Bereits am Sonntag, 29. September, verabschiedet sich die evangelische Gemeinde mit einem feierlichen Gottesdienst von der Gethsemanekirche auf dem Waldhof, die 1966 von Architekt Helmut Striffler gebaut worden war. Was aus dem Gebäude wird, ist noch nicht ganz klar. Die Kirche möchte die Fläche freigeben für eine Wohnbebauung. Dies bedeute „voraussichtlich Abriss“, so der evangelische Dekan von Mannheim, Ralph Hartmann.
In acht Kirchen wird investiert
„Wir geben nicht nur auf!“, betont Dekan Ralph Hartmann: Außer Abschied und Rückbau investiere das Dekanat auch in mehrere Kirchen, die nicht nur langfristig erhalten, sondern auch modernisiert und zu multifunktional nutzbaren Veranstaltungskirchen gemacht werden sollen. Es sei eben „ein Prozess der Priorisierung“.
Konkordienkirche: Hier laufen bereits die Arbeiten, für die insgesamt eine Million Euro veranschlagt sind. Sie umfassen eine Sanierung des Innenraums und eine Umgestaltung für verschiedene Nutzungen, etwa durch Verzicht auf starre Bänke, durch neue Veranstaltungstechnik und den Einbau von Toiletten.
- Christuskirche: Geplant ist die Sanierung der Gemeinderäume im Untergeschoss, um sie mehr und besser nutzen zu können.
- Auferstehungskirche: Auch sie soll zur Veranstaltungskirche umgebaut werden, die Planung läuft.
- Erlöserkirche: Hier läuft ebenso die Vorbereitung für eine multifunktionale Nutzung.
- Versöhnungskirche: Keine Bänke, neue Heizung und Veranstaltungstechnik – hier ist gleichfalls die Umgestaltung zur Veranstaltungskirche angestoßen. „Wir rechnen mit mehr als einer Million Euro Kosten“, so Dekan Hartmann.
- Dreifaltigkeitskirche: Hier sind die Planungen noch nicht soweit. Es wird erst eine Machbarkeitsstudie erfolgen.
- Johanniskirche: Langfristig ist hier eine Sanierung geplant.
- Petruskirche: Anstelle des Gemeindehauses, das spätestens 2026 aufgegeben und für Wohnungsbau verkauft werden soll, plant die Gemeinde einen Anbau an die Petruskirche. Die Wiese soll aber weiter genutzt werden können, „sie ist doch ein Pfund“, betont der Dekan.

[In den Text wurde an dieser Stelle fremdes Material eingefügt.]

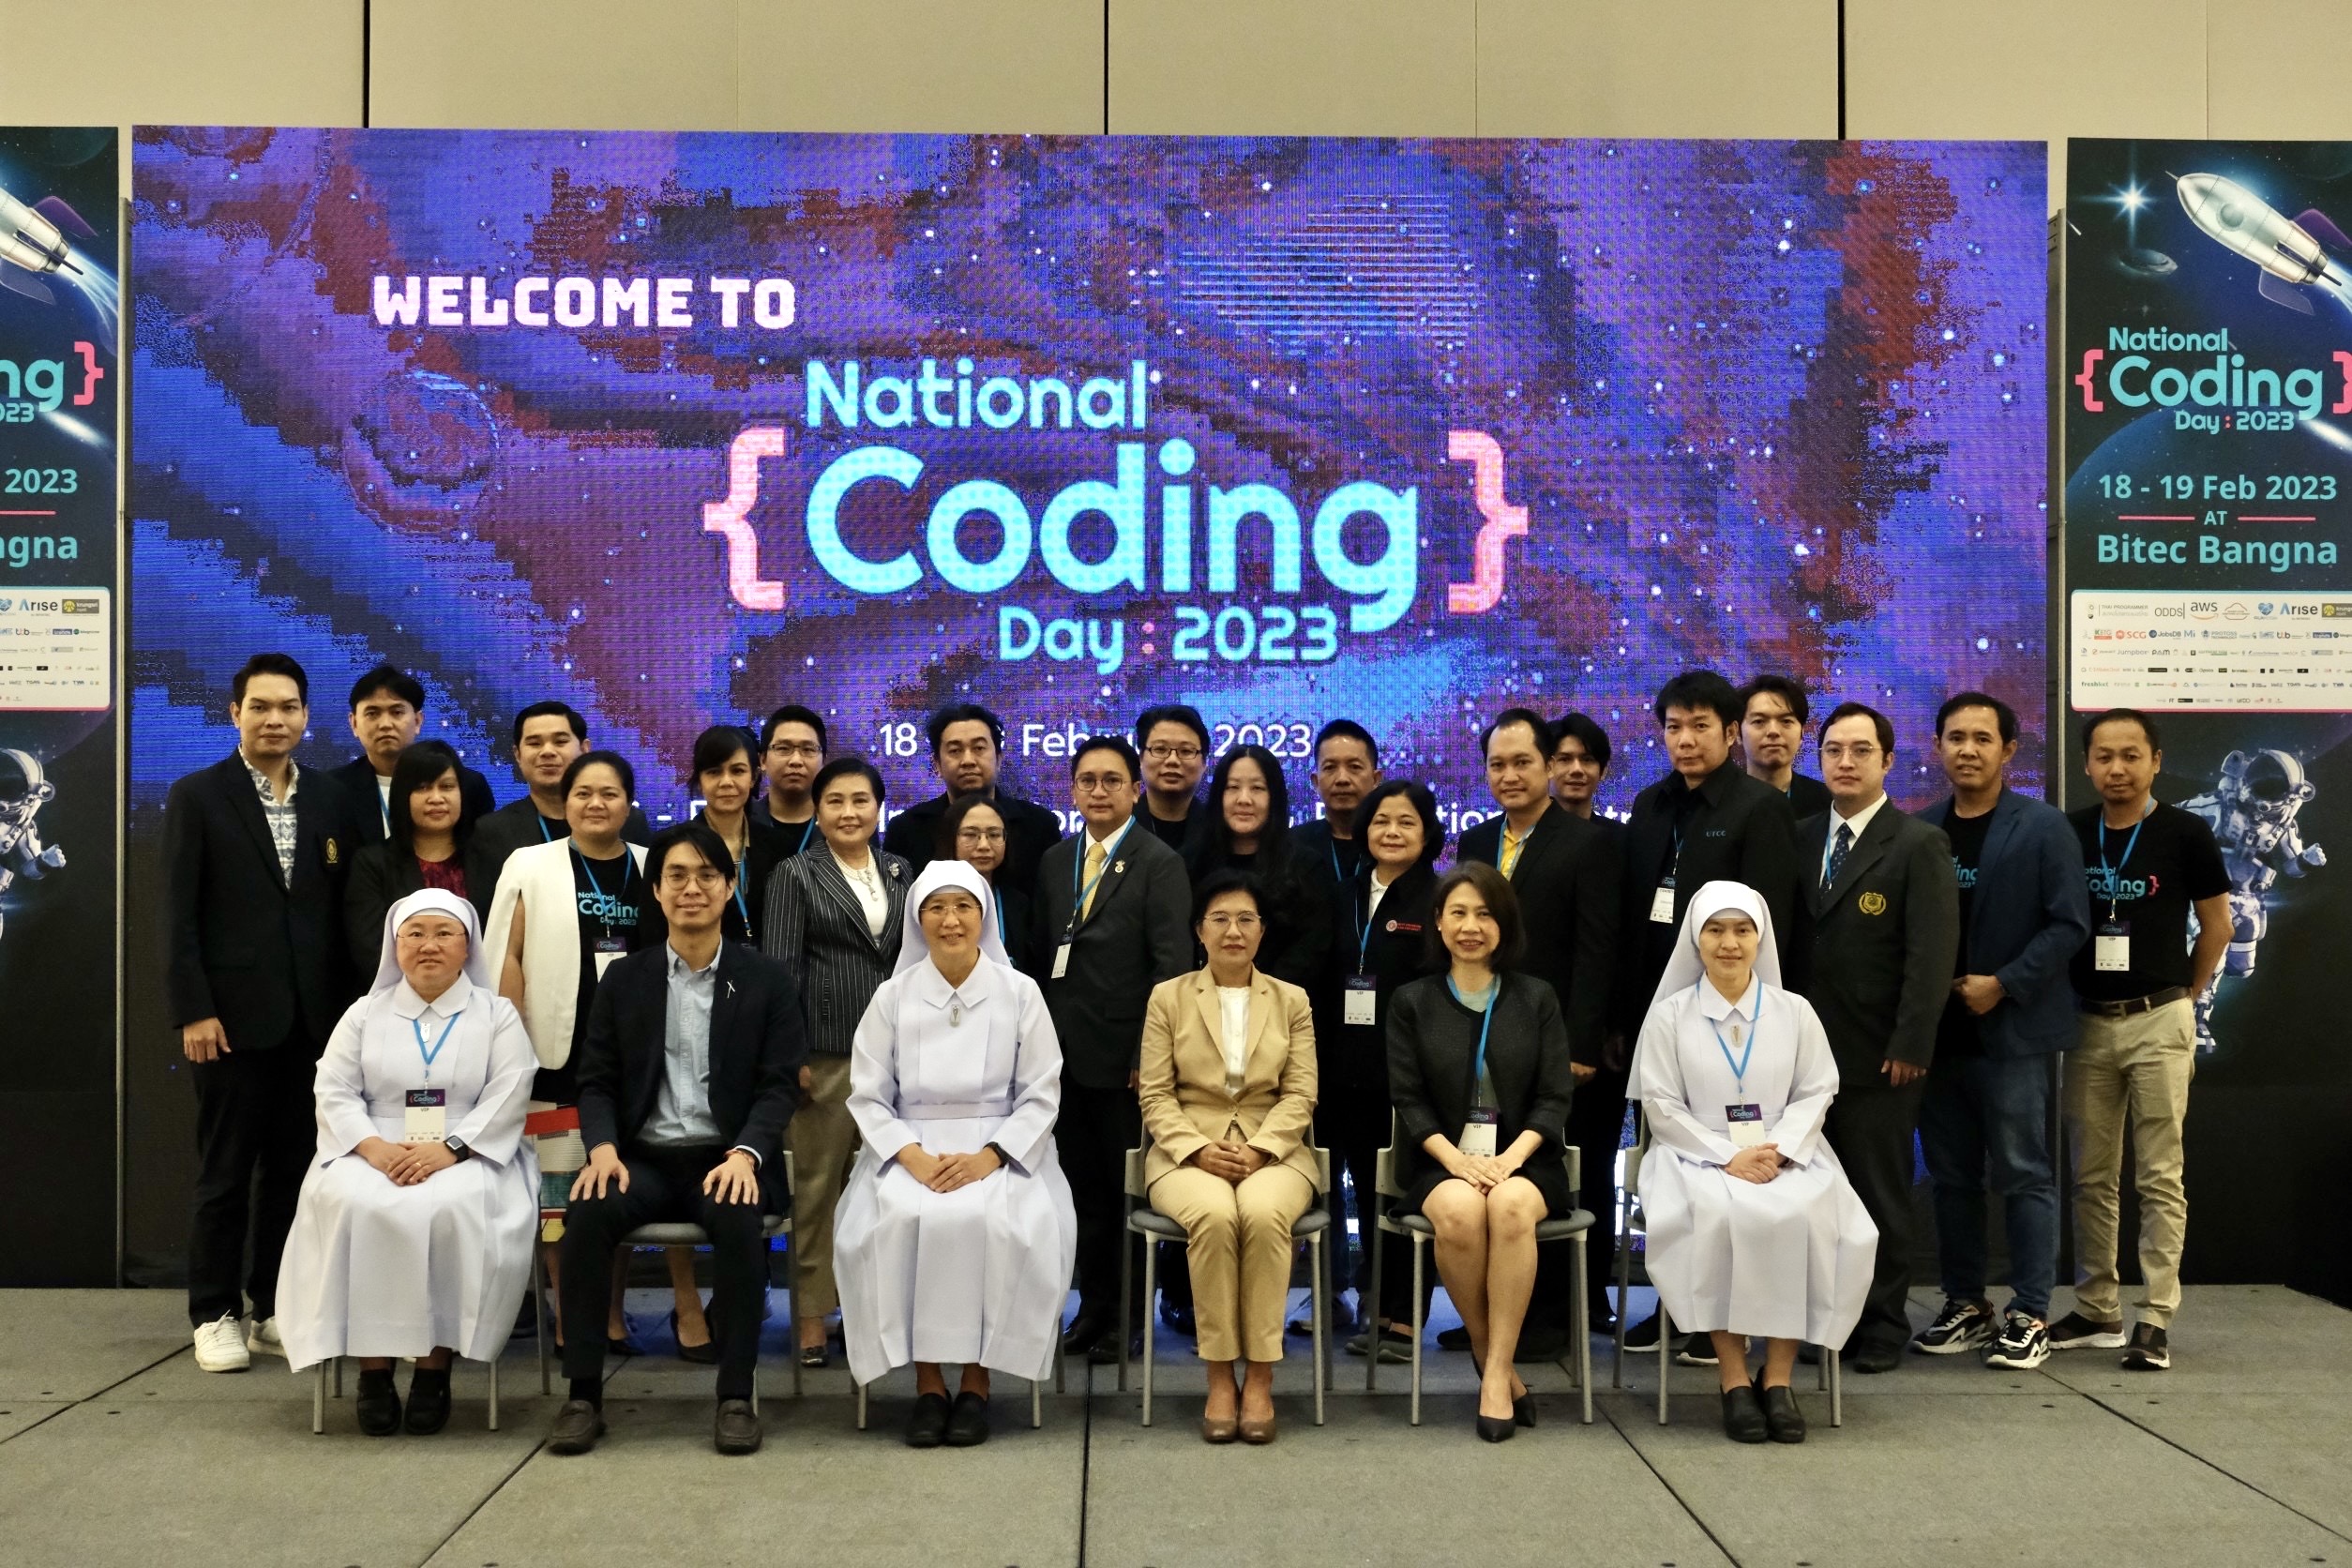 จบลงไปแล้วกับตำนานบทใหม่ของชาวโปรแกรมเมอร์ไทย กับงาน “National Coding Day 2023” งาน Tech ที่ใหญ่ที่สุดในประเทศไทย

Ökumene in Käfertal und auf der Vogelstang
Für zwei Kirchen gibt es Gespräche über ökumenische Nutzungen. Schon konkret ist das bei der Philippuskirche, da die Katholiken die benachbarte Kirche St. Hildegard aufgeben. Als „Zukunftsmusik“ bezeichnet der Dekan eine Zusammenarbeit auf der Vogelstang, wo die Katholiken die gemeinsame Nutzung ihrer Kirche und ihres Gemeindezentrums angeboten haben. „Mittelfristig“ suche man, so der Dekan, auch für Emmauskirche, Jakobuskirche und das Areal um die Pfingstbergkirche nach Umnutzungen und Käufern. Zudem steht die Trinitatiskirche, als Eintanzhaus genutzt, auf der Liste der Gebäude, bei denen die Kirche die Verantwortung für die Bauunterhaltung abgeben will.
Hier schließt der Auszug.